DATA FOR PROCESSING:
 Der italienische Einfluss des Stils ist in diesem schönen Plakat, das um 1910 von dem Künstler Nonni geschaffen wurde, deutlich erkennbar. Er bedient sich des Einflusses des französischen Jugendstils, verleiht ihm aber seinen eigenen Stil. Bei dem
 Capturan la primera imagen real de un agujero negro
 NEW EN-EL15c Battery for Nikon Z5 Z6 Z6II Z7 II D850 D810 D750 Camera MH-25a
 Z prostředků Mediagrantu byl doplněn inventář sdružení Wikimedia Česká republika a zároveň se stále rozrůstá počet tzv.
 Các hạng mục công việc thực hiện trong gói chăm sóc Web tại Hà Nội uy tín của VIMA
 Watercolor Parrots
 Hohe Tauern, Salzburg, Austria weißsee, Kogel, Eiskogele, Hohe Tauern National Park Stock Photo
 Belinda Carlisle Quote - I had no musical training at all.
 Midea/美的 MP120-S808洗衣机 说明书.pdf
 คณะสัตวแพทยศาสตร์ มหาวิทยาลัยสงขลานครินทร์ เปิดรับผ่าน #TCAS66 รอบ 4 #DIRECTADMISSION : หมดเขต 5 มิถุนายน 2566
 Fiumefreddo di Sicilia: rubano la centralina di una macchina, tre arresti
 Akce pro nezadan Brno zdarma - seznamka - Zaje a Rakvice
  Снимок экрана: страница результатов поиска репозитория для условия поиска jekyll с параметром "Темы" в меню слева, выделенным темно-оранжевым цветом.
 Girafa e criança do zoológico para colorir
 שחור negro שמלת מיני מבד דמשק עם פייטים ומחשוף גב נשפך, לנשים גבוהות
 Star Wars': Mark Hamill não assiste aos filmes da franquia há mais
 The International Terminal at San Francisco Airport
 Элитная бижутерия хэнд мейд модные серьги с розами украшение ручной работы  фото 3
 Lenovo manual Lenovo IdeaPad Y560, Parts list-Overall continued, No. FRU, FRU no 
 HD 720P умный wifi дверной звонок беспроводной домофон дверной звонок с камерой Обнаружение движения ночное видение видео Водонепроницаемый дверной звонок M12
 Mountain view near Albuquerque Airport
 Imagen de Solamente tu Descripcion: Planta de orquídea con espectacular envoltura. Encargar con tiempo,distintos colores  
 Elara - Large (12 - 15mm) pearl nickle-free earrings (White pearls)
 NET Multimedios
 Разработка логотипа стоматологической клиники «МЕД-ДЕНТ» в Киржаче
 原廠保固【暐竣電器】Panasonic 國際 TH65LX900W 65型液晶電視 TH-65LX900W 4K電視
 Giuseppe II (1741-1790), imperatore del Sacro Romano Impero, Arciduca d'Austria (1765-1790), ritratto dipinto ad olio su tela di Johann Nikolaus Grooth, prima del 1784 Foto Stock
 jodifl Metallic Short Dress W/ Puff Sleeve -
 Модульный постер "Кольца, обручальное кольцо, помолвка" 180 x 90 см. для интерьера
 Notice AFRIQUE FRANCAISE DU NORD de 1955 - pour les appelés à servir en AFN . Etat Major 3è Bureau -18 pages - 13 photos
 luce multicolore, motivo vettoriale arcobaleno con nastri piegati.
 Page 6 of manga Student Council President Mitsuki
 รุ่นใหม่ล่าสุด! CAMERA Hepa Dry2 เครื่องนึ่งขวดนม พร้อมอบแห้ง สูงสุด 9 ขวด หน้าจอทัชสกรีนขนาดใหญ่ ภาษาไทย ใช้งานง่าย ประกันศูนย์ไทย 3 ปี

PROBLEM REQUIREMENTS:
Copy out the data above word for word, starting at its first line and ending with the line that contains "Belinda Carlisle Quote".

RESULT BELOW:
 Der italienische Einfluss des Stils ist in diesem schönen Plakat, das um 1910 von dem Künstler Nonni geschaffen wurde, deutlich erkennbar. Er bedient sich des Einflusses des französischen Jugendstils, verleiht ihm aber seinen eigenen Stil. Bei dem
 Capturan la primera imagen real de un agujero negro
 NEW EN-EL15c Battery for Nikon Z5 Z6 Z6II Z7 II D850 D810 D750 Camera MH-25a
 Z prostředků Mediagrantu byl doplněn inventář sdružení Wikimedia Česká republika a zároveň se stále rozrůstá počet tzv.
 Các hạng mục công việc thực hiện trong gói chăm sóc Web tại Hà Nội uy tín của VIMA
 Watercolor Parrots
 Hohe Tauern, Salzburg, Austria weißsee, Kogel, Eiskogele, Hohe Tauern National Park Stock Photo
 Belinda Carlisle Quote - I had no musical training at all.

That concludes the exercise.